Supplied material –
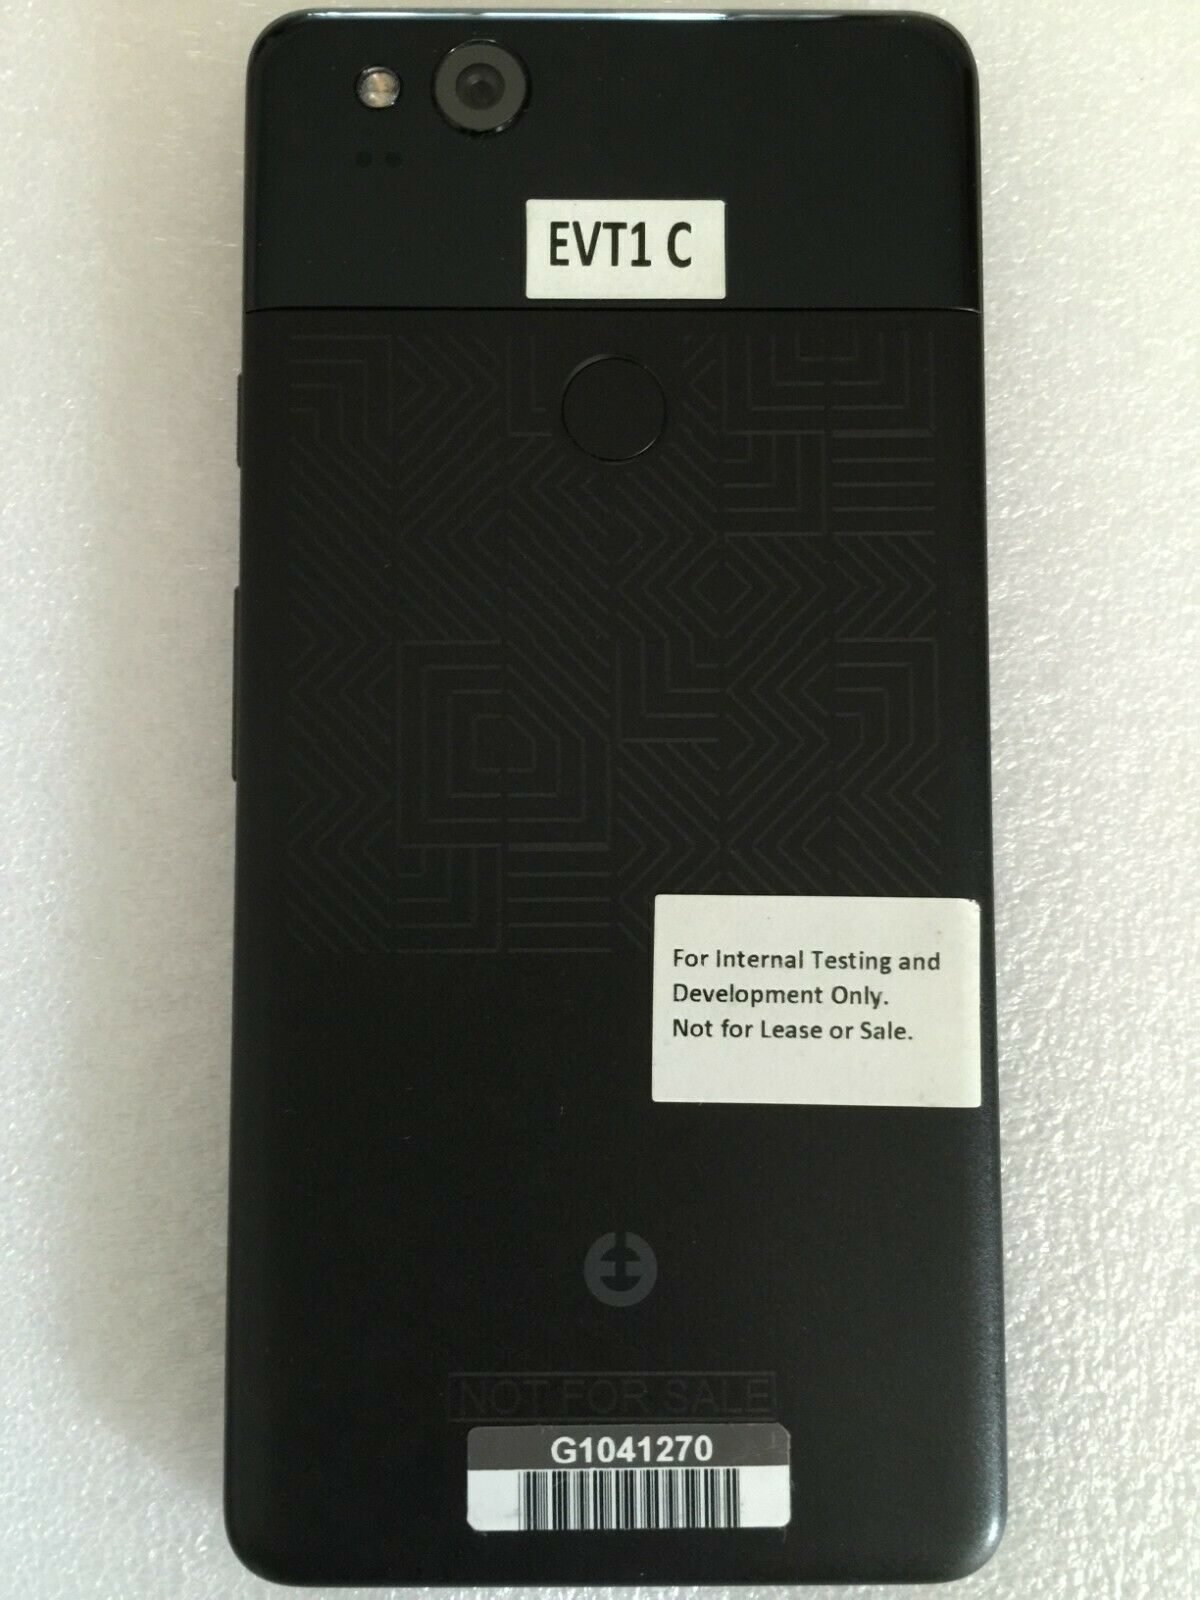 HTC 'muskie' का प्रोटोटाइप, Google Pixel 2 XL जो कभी अस्तित्व में नहीं था
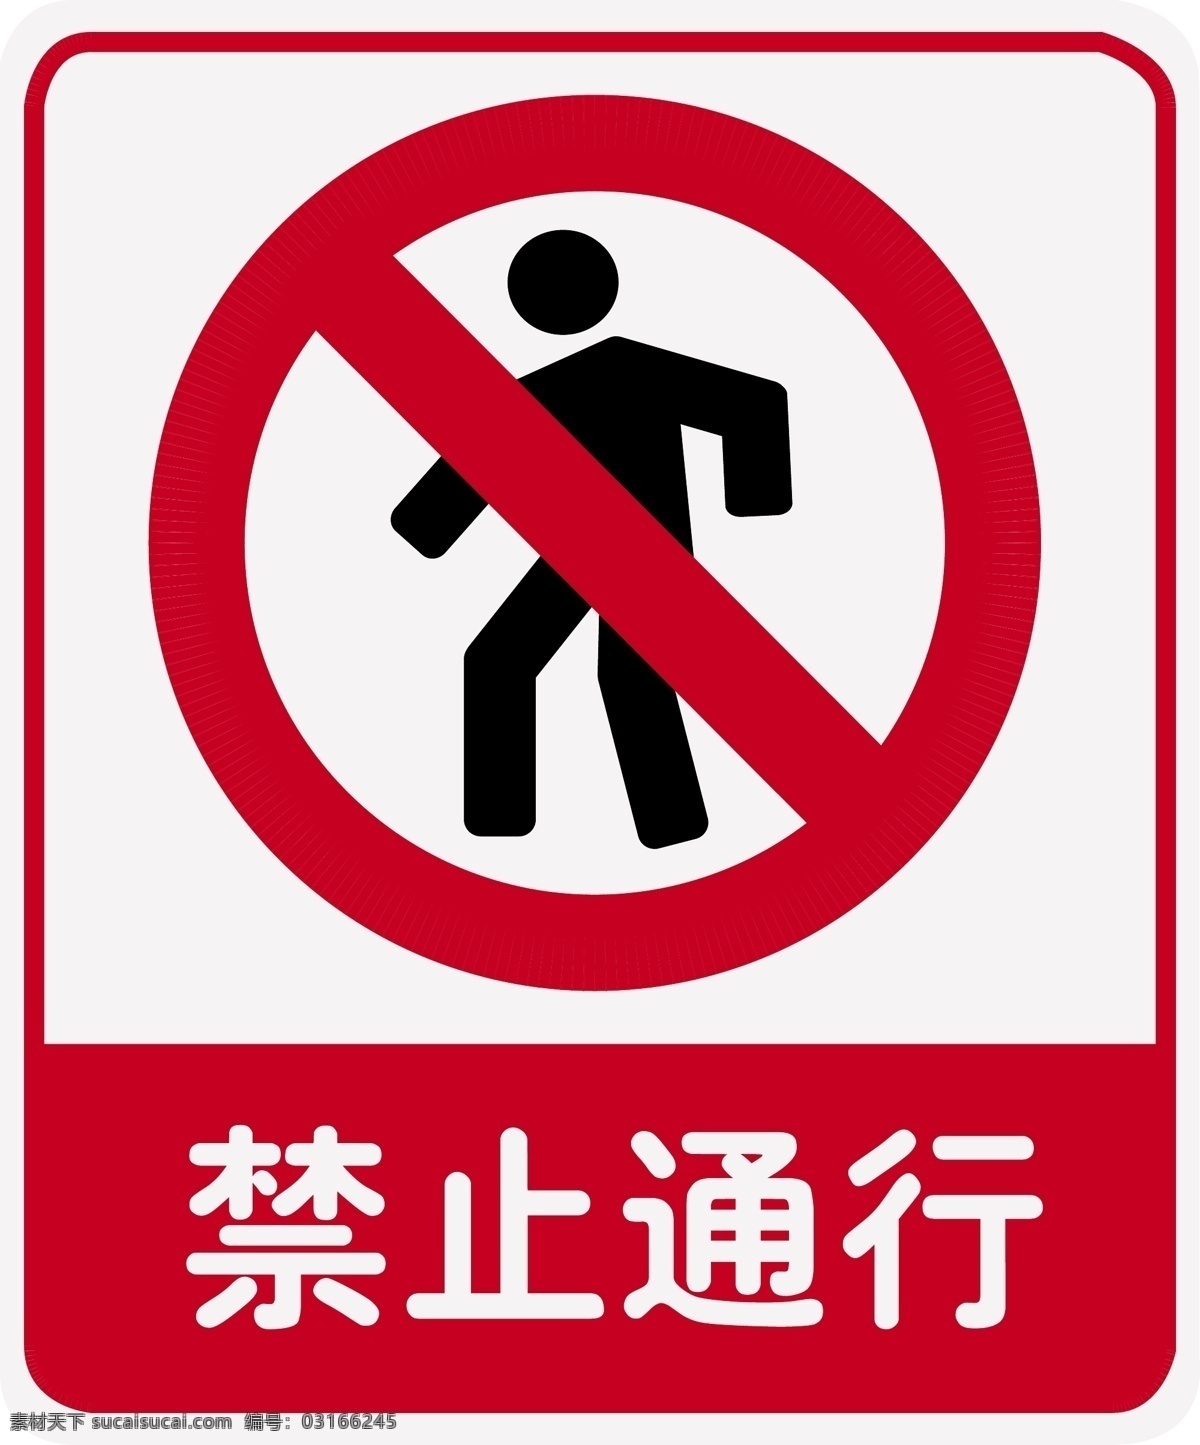 禁止通行 安全警示牌 安全 警示 标示牌 安全警示 标识 公共标识标志 标识标志图标 矢量
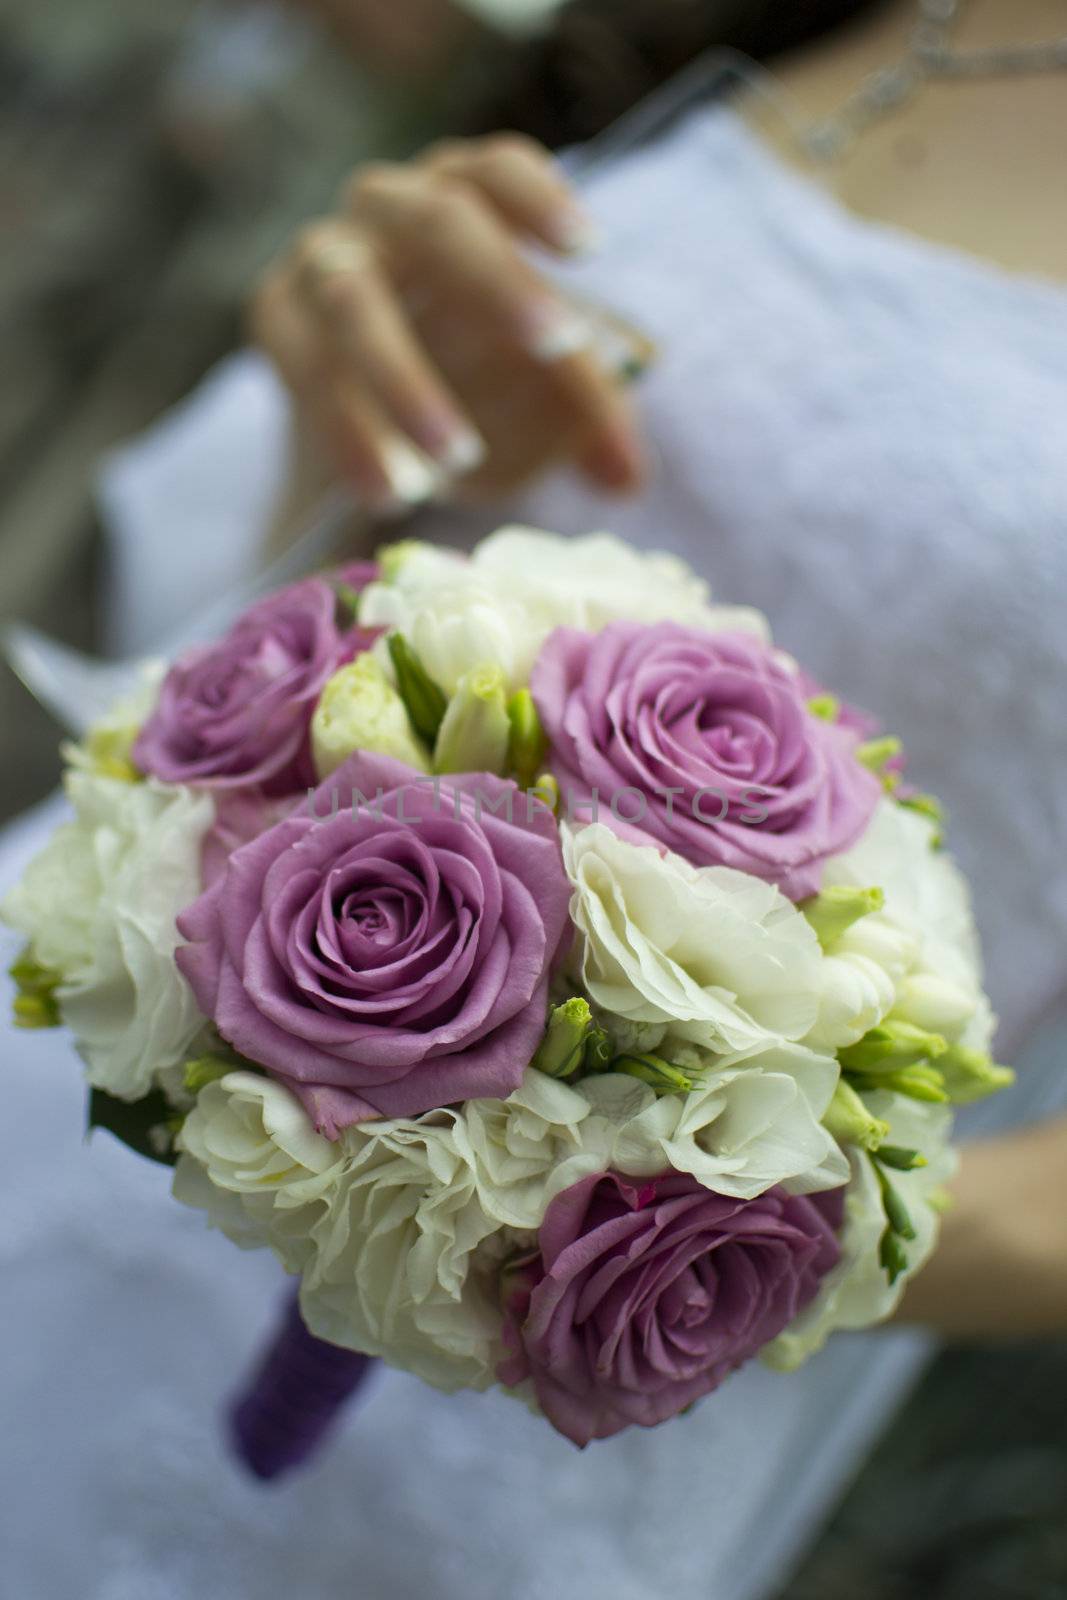 Elegant wedding bouquet by only4denn

About this task –
Copy the full listing above exactly, apart from the pictures.

Answer to the exercise –
 HTC 'muskie' का प्रोटोटाइप, Google Pixel 2 XL जो कभी अस्तित्व में नहीं था
 禁止通行 安全警示牌 安全 警示 标示牌 安全警示 标识 公共标识标志 标识标志图标 矢量
 Elegant wedding bouquet by only4denn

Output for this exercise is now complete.